The power supply was fixed around 11AM EST which restored service to our network and our secondary rack. Since then we have been working to restore service to the servers in our primary rack. At this time we have restored service to 95% of our customers, however, are still working to restore data from a few servers and are working hard to get everything done as soon as possible.

Thank you for your patience and I do apologize for any inconvenience this has caused you. We do work hard to minimize damages from hardware issues and downtime, however, when the power feed to our rack is cut, it is beyond our control.

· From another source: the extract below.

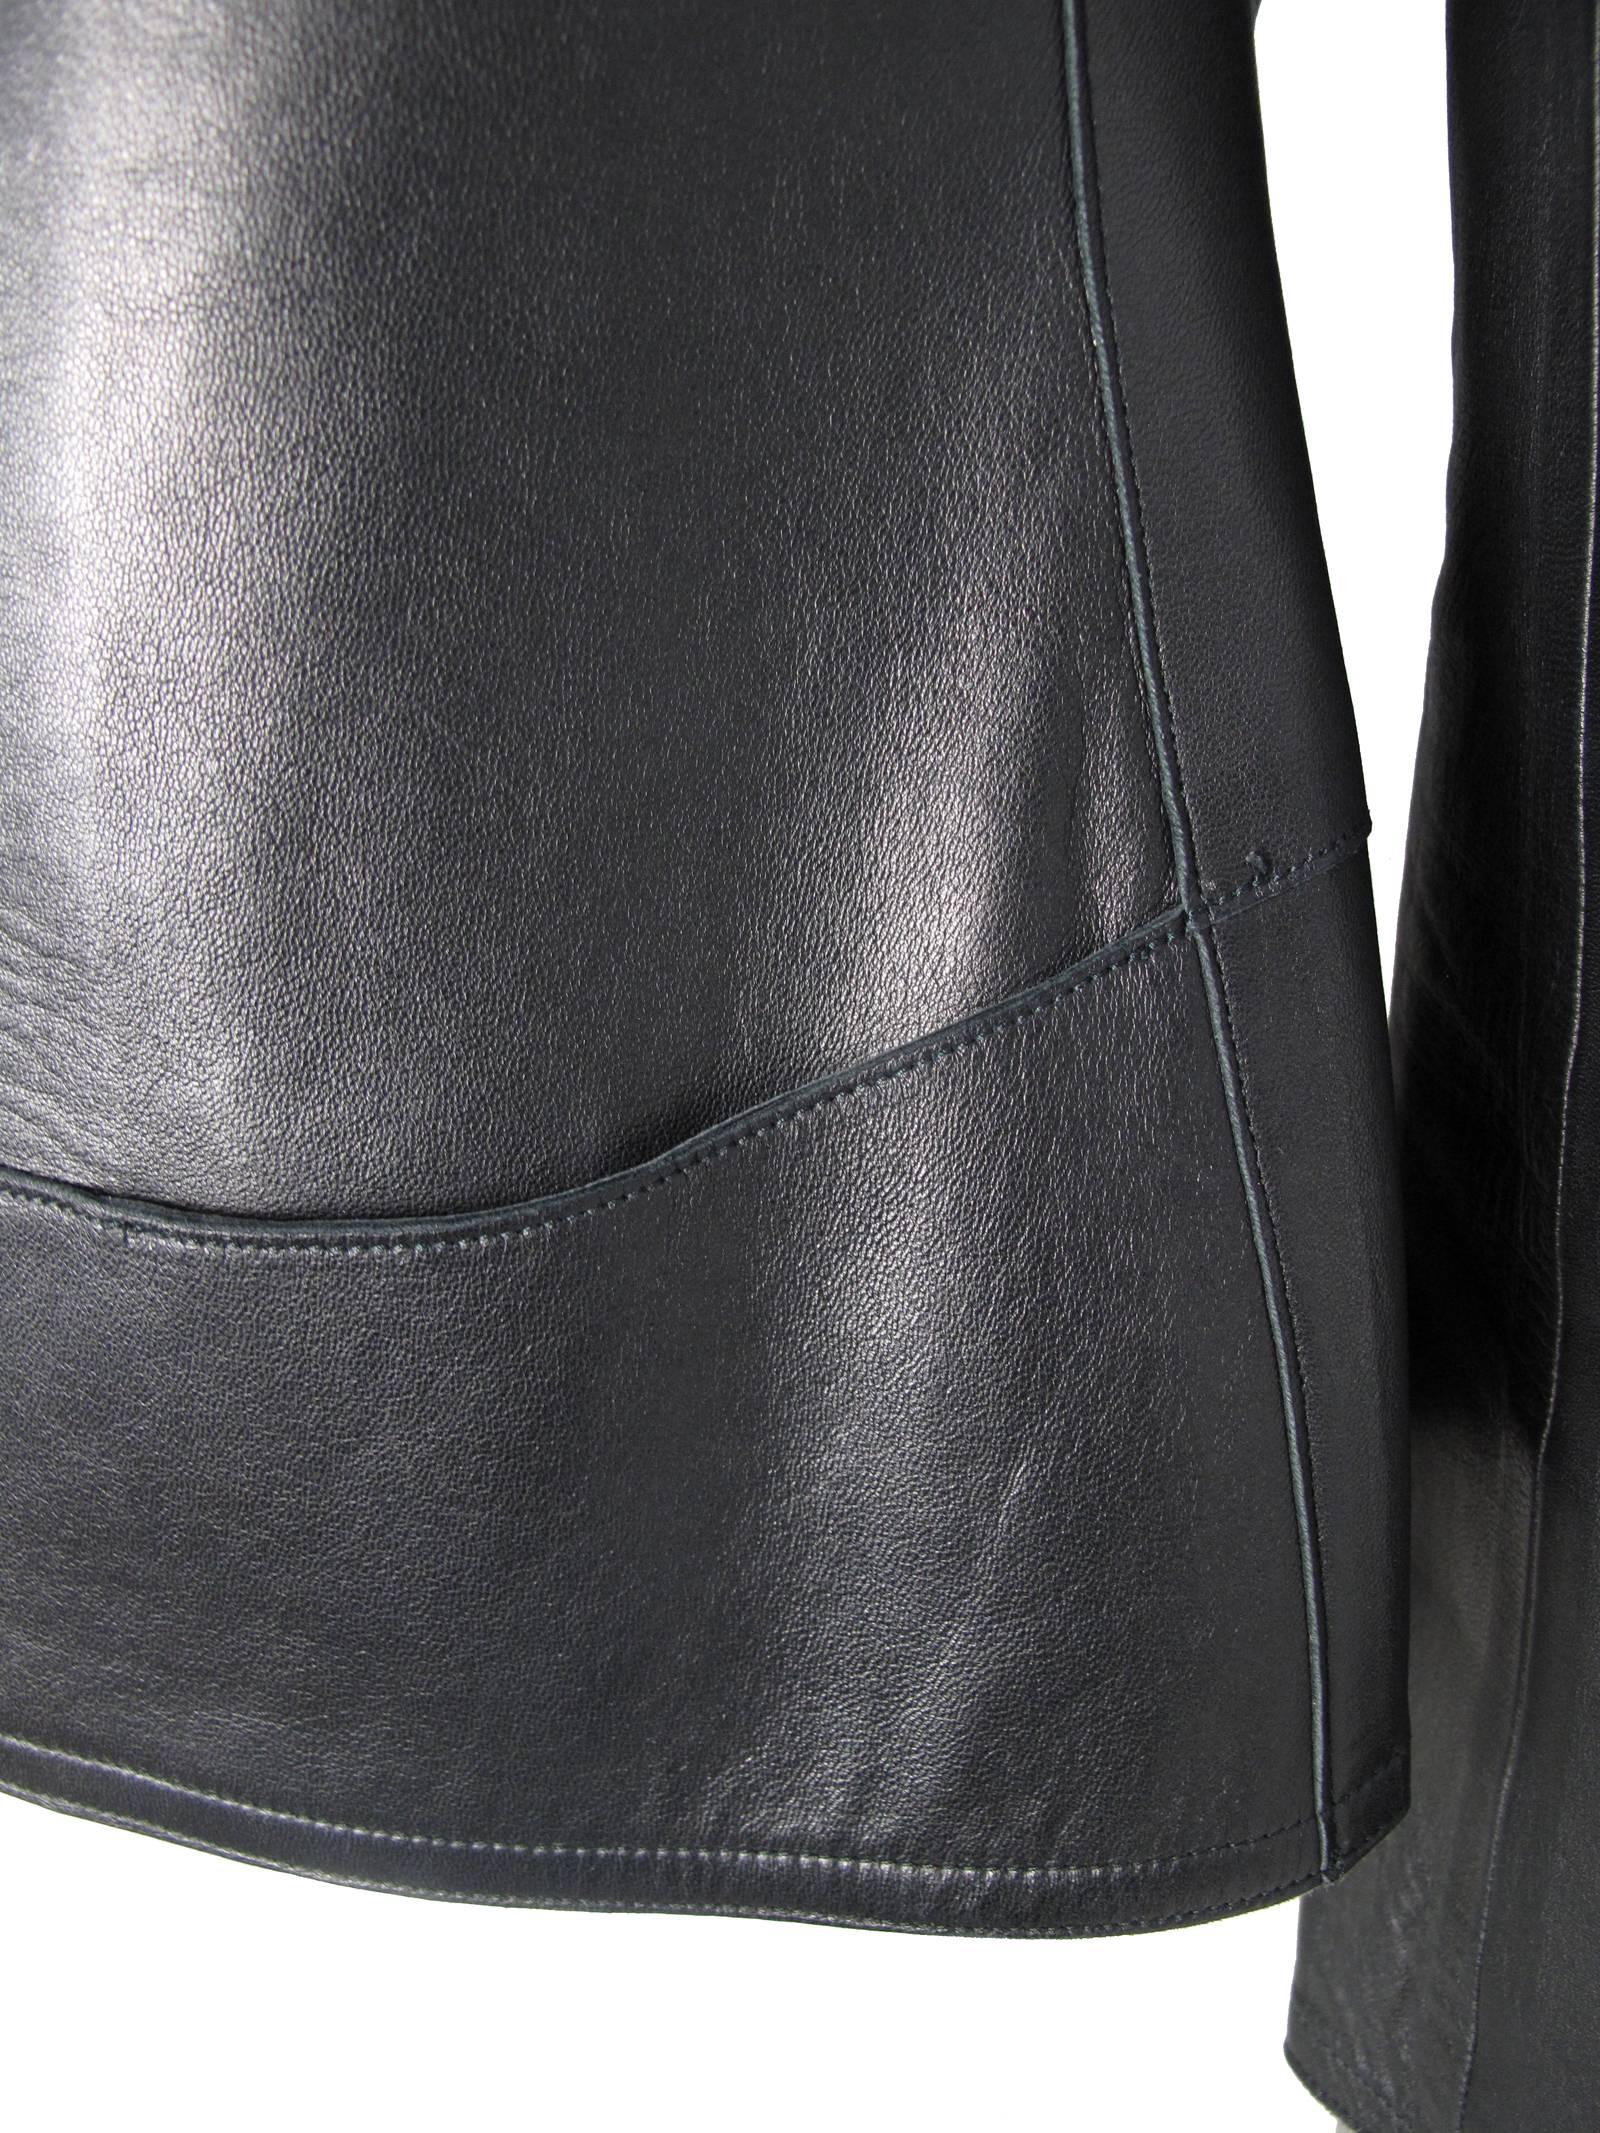 Chanel Black Leather Jacket 3

Posted by zed173, 01-06-2013, 04:21 PM
Hi Devon,

Do you have any ETR for the remainder of us that are still offline? I understand that stuff happens, just wondering about a general timeline?

Thanks!
Posted by devonblzx, 01-06-2013, 05:59 PM
All servers have been restored.

http://bit.ly/ZcKIEP
Posted by zed173, 01-06-2013, 06:13 PM
All back now!
Posted by nixcom, 01-07-2013, 01:04 AM
kind of strange... suppose to be online with their fail over setup, no?